Reproduce the complete set of records exactly. No picture is to appear in the copy.

___ Exercise inputs ___

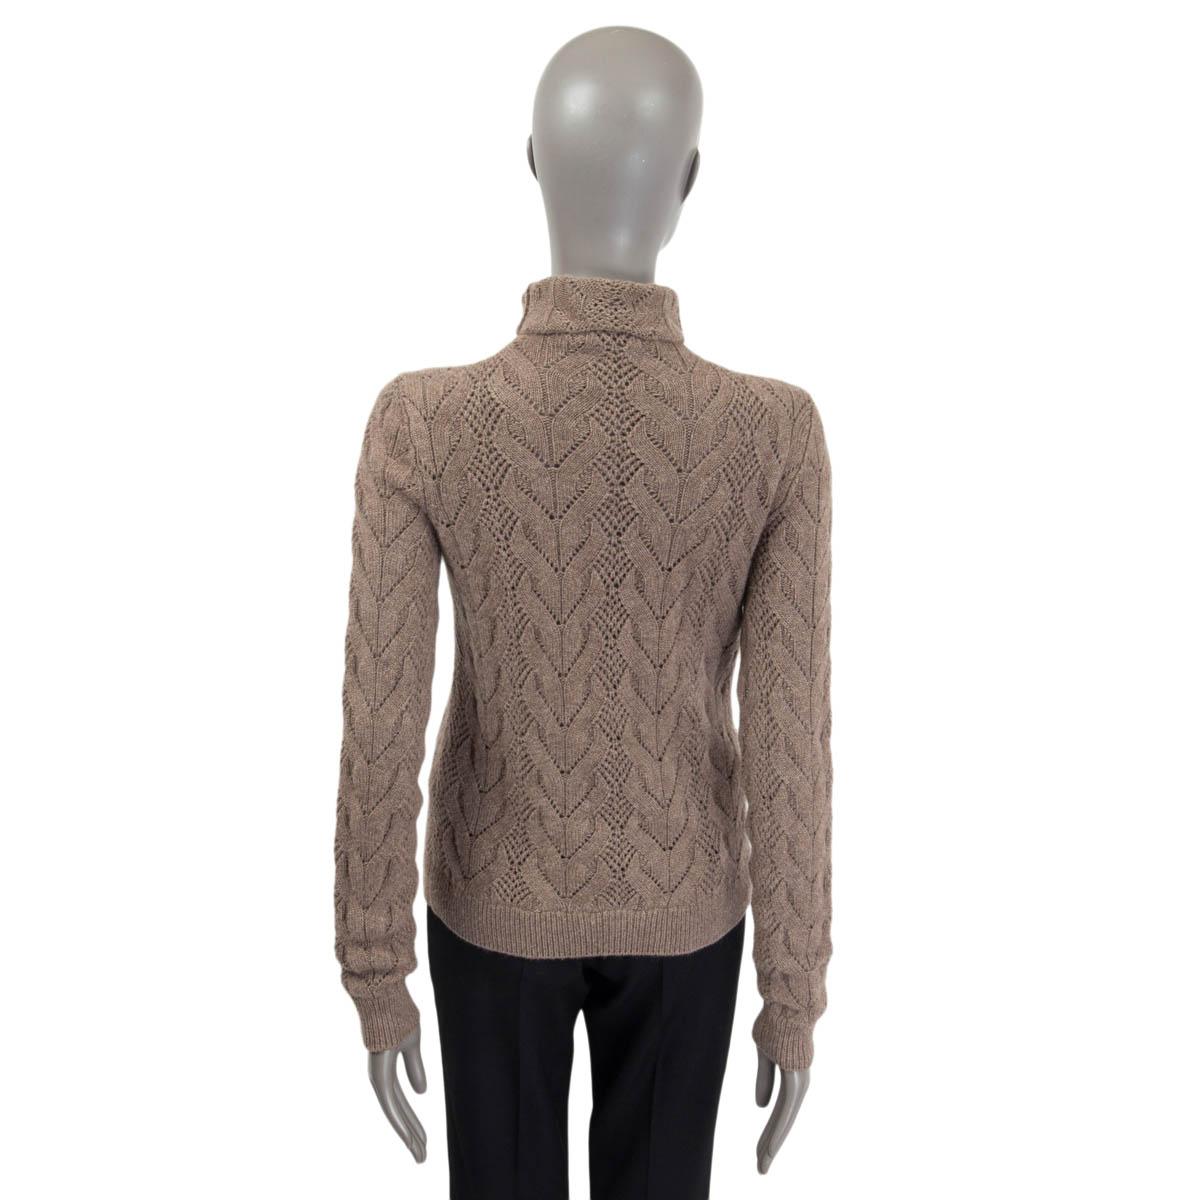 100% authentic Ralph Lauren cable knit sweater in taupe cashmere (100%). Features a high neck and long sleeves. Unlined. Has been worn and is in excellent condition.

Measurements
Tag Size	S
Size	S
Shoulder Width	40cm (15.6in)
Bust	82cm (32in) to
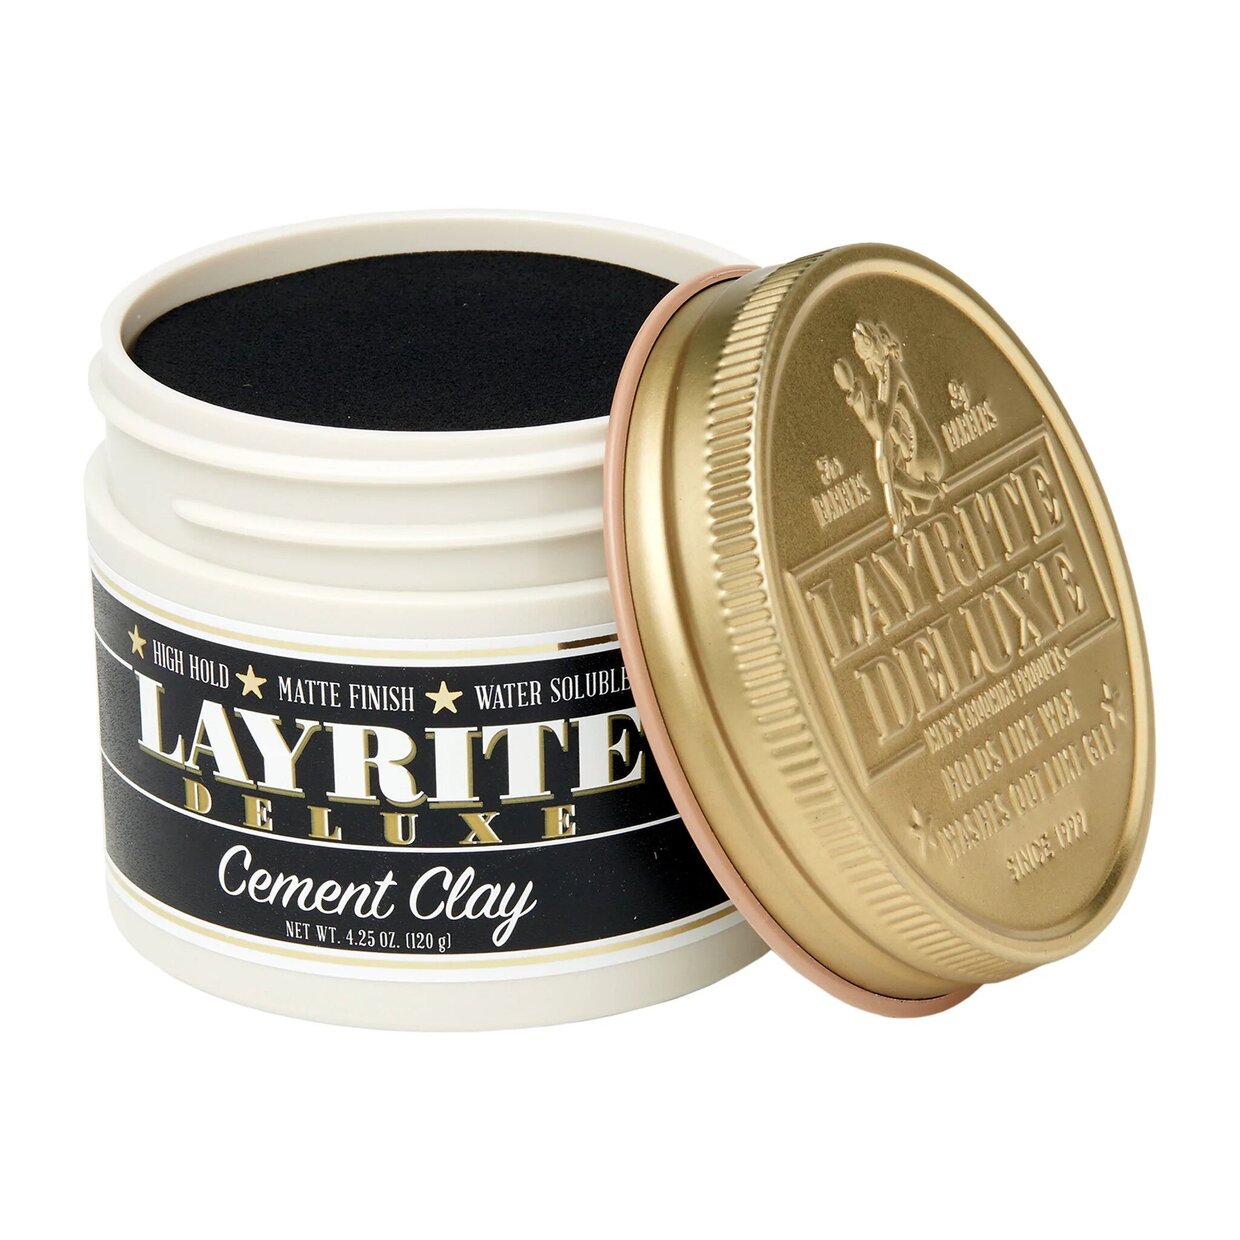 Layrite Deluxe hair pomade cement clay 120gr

___

| Response area |
 100% authentic Ralph Lauren cable knit sweater in taupe cashmere (100%). Features a high neck and long sleeves. Unlined. Has been worn and is in excellent condition.

Measurements
Tag Size	S
Size	S
Shoulder Width	40cm (15.6in)
Bust	82cm (32in) to
 Layrite Deluxe hair pomade cement clay 120gr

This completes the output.